Kârın nasıl bir dağıtıma tabi tutulduğunu son iki yılı karşılaştırmalı olarak sergileyecek şekilde aşağıdaki tabloda gösterelim:

Bu tabloya göre 2022 yılında elde edilen net 72 milyar TL tutarındaki kârın dağıtılmasında ihtiyat akçesi olarak ayrılan 39,3 milyar TL’den sonra kalan tutarın ihmal edilebilecek kadar düşük bir miktarı diğer hissedarlara ve TCMB çalışanlarına dağıtılmıştır. Kârın kalan 32,6 milyar TL’si Hazine’ye devredilmiş, ayrıca 39,3 milyar TL’lik ihtiyat akçesi de Hazine’ye verilmiştir.

TCMB’nin Geçmiş Yıllar Kârları ve 2023 Zararı

Merkez Bankası (TCMB) 2023 yılında 818,2 milyar TL zarar ettiğini açıkladı. Bu, TCMB bilançosunu izleyenler için sürpriz değildi. Çünkü TCMB görev konusuyla hiç ilgisi olmayan bir kur korumalı mevduat yükü altında kalmıştı ve bu yük bilanço kalemlerine yansıyordu. 2023 yılında kâr değil 818,2 milyar TL zarar söz konusu olduğu için ihtiyat akçesi ayrılması mümkün olmadığı gibi hissedarlara ve çalışanlara kârdan pay verilmesi ve Hazine’ye kâr devri söz konusu olmamıştır.

Merkez Bankası’nın geçmiş yıllar kârları şöyledir (kaynak: TCMB, Kâr Zarar Tablosu.)

Merkez Bankaları, piyasaların durumuna ya da uyguladıkları para politikasının yönüne ve ağırlığına göre göre zaman zaman zararla karşılaşabilir.
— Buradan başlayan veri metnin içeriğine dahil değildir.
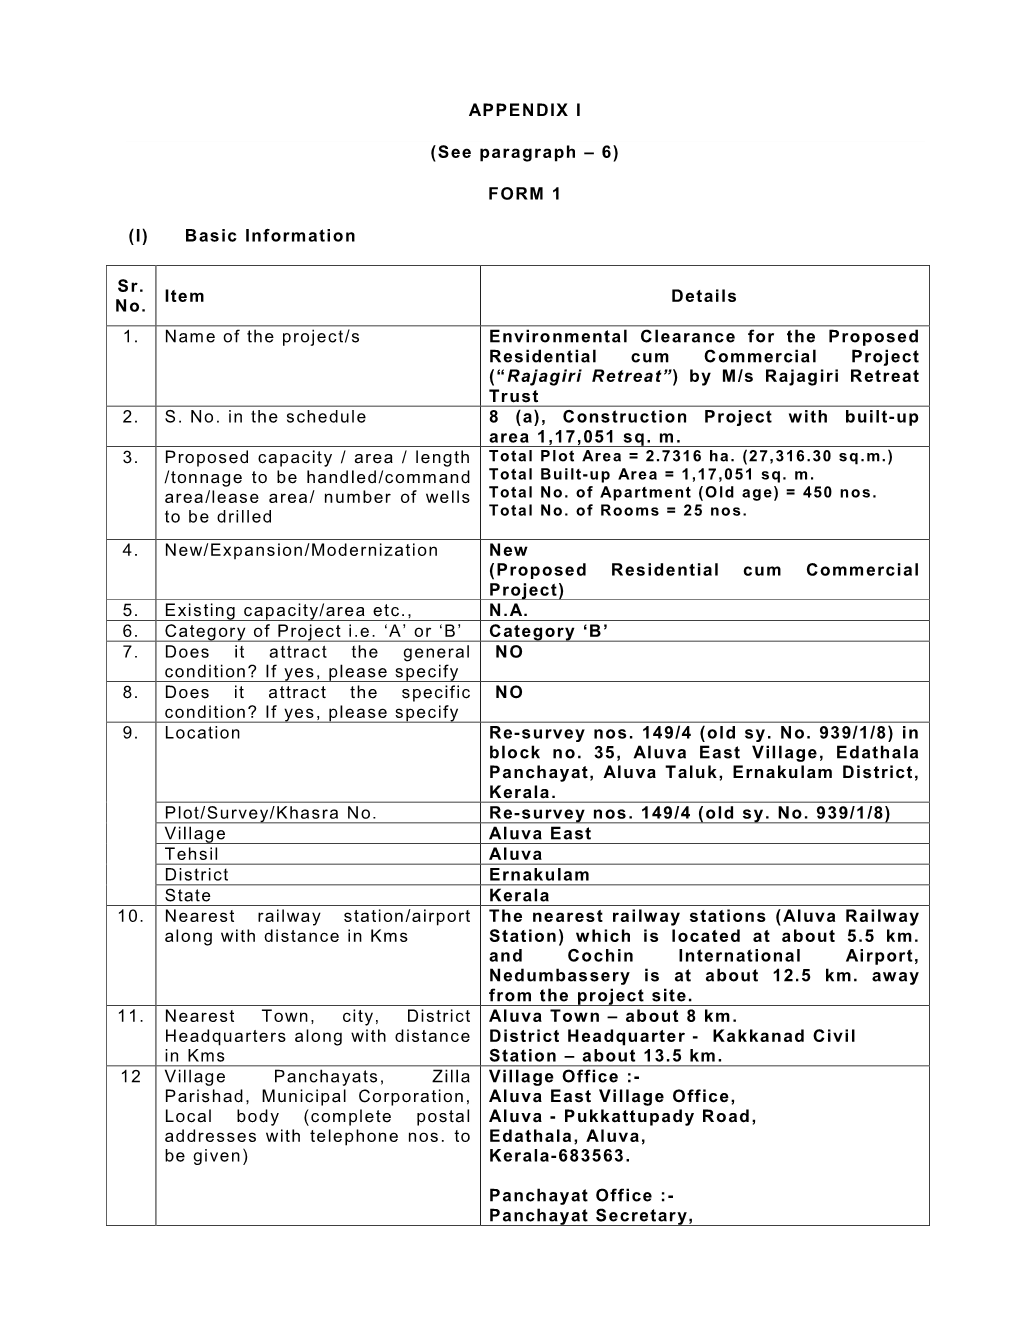 APPENDIX I (See Paragraph – 6) FORM 1 (I) Basic Information Sr. No. Item Details 1. Name of the Project/S Environmental Clear

Örneğin 2023 yılında yalnızca TCMB değil başka merkez bankaları da zarar ettiler. Mesela ABD Merkez Bankası (Fed) 114 milyar dolar, Avrupa Merkez Bankası (ECB) 1,3 milyar Euro zarar etti. Zarar eden merkez bankaları arasında İsviçre ve Hollanda merkez bankaları da var. Bu zararların temel nedeni kurlardaki değişimler ve menkul kıymetler cüzdanında tuttukları yerli ve yabancı tahviller oldu. Merkez bankaları küresel kriz süresince para arzını artırıp piyasadan tahvil satın alarak ekonomiyi canlandırmaya yöneldiler. Faizler değişmediği sürece bu işlem zarar yaratmadı. Enflasyonda ortaya çıkan yükselişi durdurabilmek için 2022 yılında başlayıp 2023 yılında hızlanan faiz artırımları sonucunda ellerindeki tahvillerin değeri düştü. Merkez bankalarının 2023 yılındaki zararlarının asıl nedeni budur (bu çelişki için son not 2’deki yazıma bakabilirsiniz.)
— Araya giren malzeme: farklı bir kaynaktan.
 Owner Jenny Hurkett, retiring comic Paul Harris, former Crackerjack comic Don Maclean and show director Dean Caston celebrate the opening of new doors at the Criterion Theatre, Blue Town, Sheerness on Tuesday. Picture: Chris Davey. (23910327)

TCMB’nin, 2023 yılındaki 818,2 milyar TL’lik zararı ise bu sayılan merkez bankalarının durumundan farklı olarak neden – sonuç ilişkilerinin birbirine karıştırılmasıyla ortaya çıktı.  Son yıllarda pek çok bilim dışı adım söz konusu oldu ama bunlar arasında ekonomide en büyük hasarı yaratmış olanı faizi, enflasyonun altında belirlemek olmuştur. 2021 yılının Eylül ayında başlayan faiz indirimlerinin yarattığı dövize talebi önlemek amacıyla getirilen kur korumalı mevduat sistemi bankaların ödemesi gereken maliyeti TCMB’nin üzerine yıkarak 2023 yılı sonu itibarıyla 818,2 milyar TL’lik zarara yol açmıştır

TCMB’nin Döviz ve Altın Rezervlerinin Durumu

Bu yanlış ekonomi politikası, TCMB’ye yüklediği bu astronomik zarara ek olarak ayrıca ciddi bir rezerv kaybına da mal oldu. Aşağıdaki tablo TCMB’nin 19 Nisan 2024 itibarıyla rezerv durumunu gösteriyor (kaynak: TCMB bilançosu, parasal ve finansal göstergeler tablosu, uluslararası rezervler ve döviz likiditesi tablosundaki verilerden yararlanarak tarafımdan hazırlanmıştır.)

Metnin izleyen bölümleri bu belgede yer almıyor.